Он не отстранился, только вздохнул глубоко, со всхлипом.
— Ты не жалей, — сказала она.
— Ты же не навсегда прощаешься. Мы возвращаться будем. Летом. Грибы, ягоды… Вы меня научите тайгу понимать.
Он посмотрел на неё долгим, изучающим взглядом.
— Научу, — сказал. — Всему научу.
Ночами он не спал.
Зося чувствовала это — лежала на своей лавке, закутавшись в овчину, и слышала его дыхание.
Не ровное, сонное, а рваное, прерывистое, как у человека, который ворочается с боку на бок и никак не может найти покоя.
На третью ночь она не выдержала.
— Ермолай Иваныч, — позвала шепотом. — Вы не спите?
Тишина. Потом скрип лавки.
— Не сплю.
— О чём думаете?
Он долго молчал.
Света не зажигали, и в темноте голос его звучал глухо, отстраненно, словно из глубокого колодца.
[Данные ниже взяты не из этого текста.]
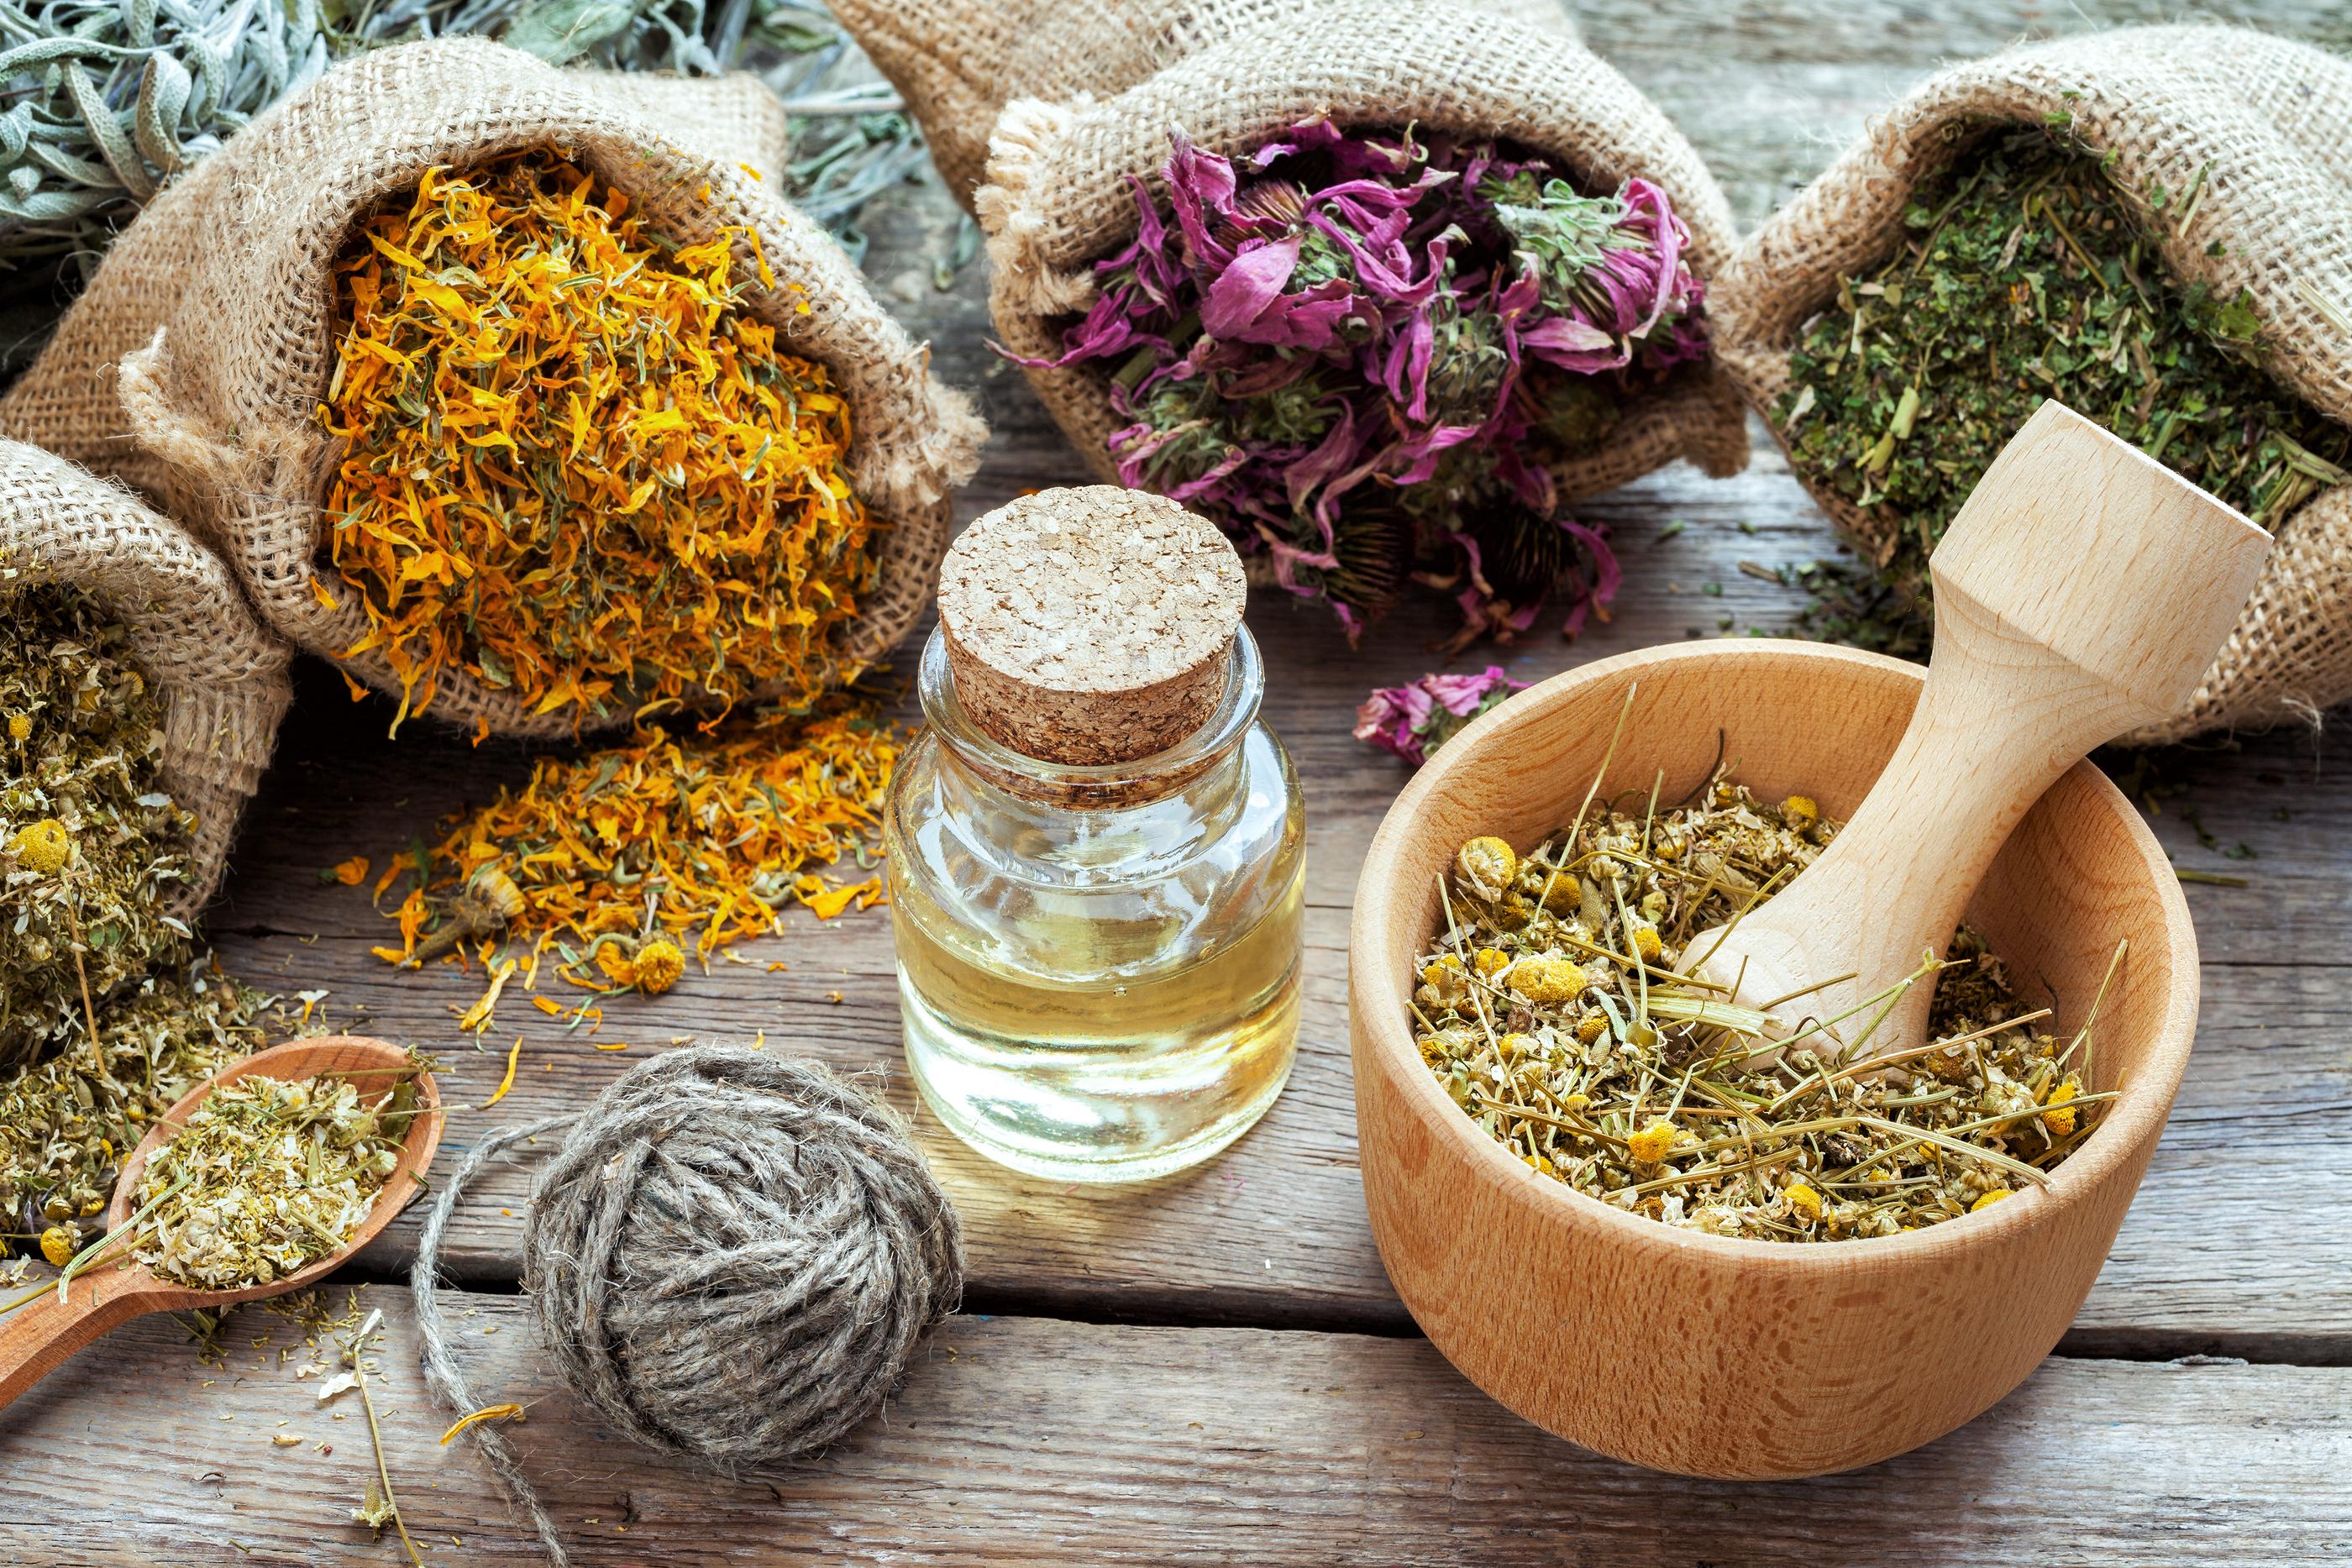 Целебный мед с травами - лекарственный рецепт приготовления 50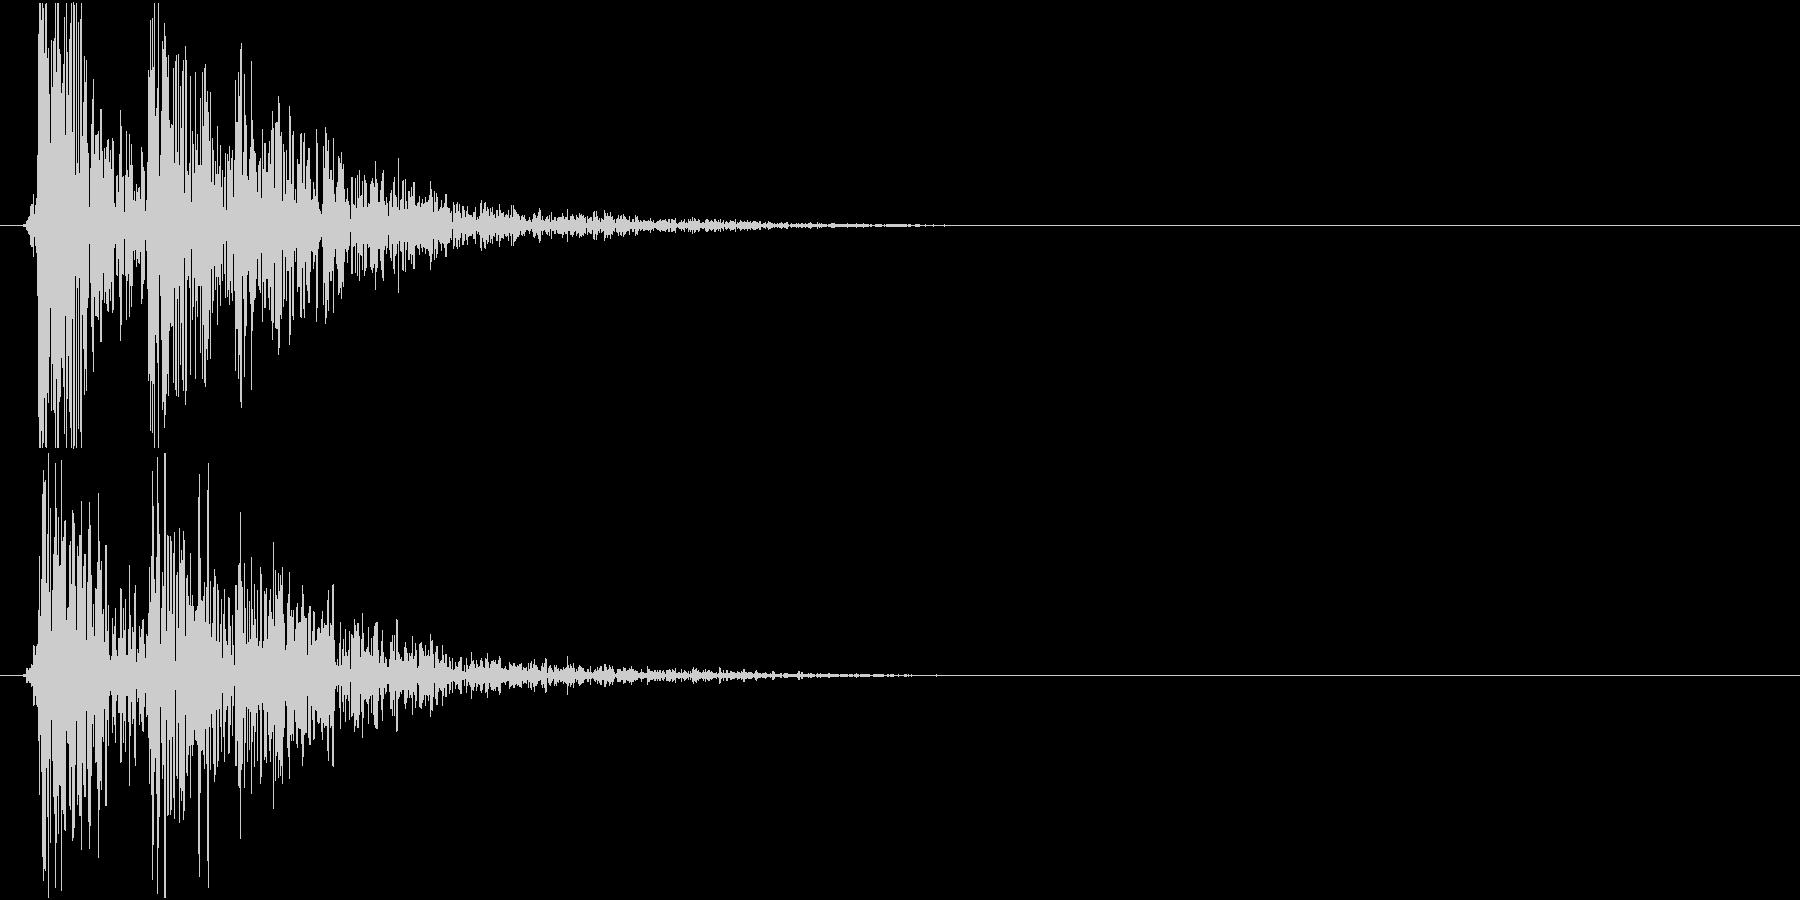 コンコロコロン・・・(物を落とした音)の未再生の波形

— Думаю, — сказал он, — как я там буду. У людей. Ты думаешь, я умею с людьми?
Я от них тридцать лет бегал. В тайге звери — они проще.
С зверем договориться можно, он тебя или убьёт, или уйдёт. А человек… человек смотрит в глаза и улыбается, а за пазухой — камень.
— Не все такие, — сказала Зося.
— Знаю. Но я уже не умею различать. Кто камень, кто хлеб.
Он помолчал.
— И дед твой. Зиновий.
Он меня, может, и видеть не захочет. Я ж у него внучку украл.
Да хоть и отпустил, да хоть и сам пришёл — а осадок-то остался.
— Дед вас простит, — твёрдо сказала Зося. — Я знаю.
— Откуда знаешь?
— Знаю. Он добрый.
Ермолай не ответил.
На пятую ночь Зося проснулась от холода.
Печь прогорела, в зимовье тянуло сыростью, и она натянула овчину до самого подбородка.
Но сон не шёл. Она лежала, смотрела в темный потолок и слушала, как за стеной шумит тайга.
Ермолай не ворочался.
Дышал ровно, глубоко — видно, всё-таки уснул. Или притворялся.
Она встала.
Босые ноги ступили на холодный пол, и она поёжилась, но не остановилась. Сделала шаг, другой, третий. Подошла к его лавке, замерла.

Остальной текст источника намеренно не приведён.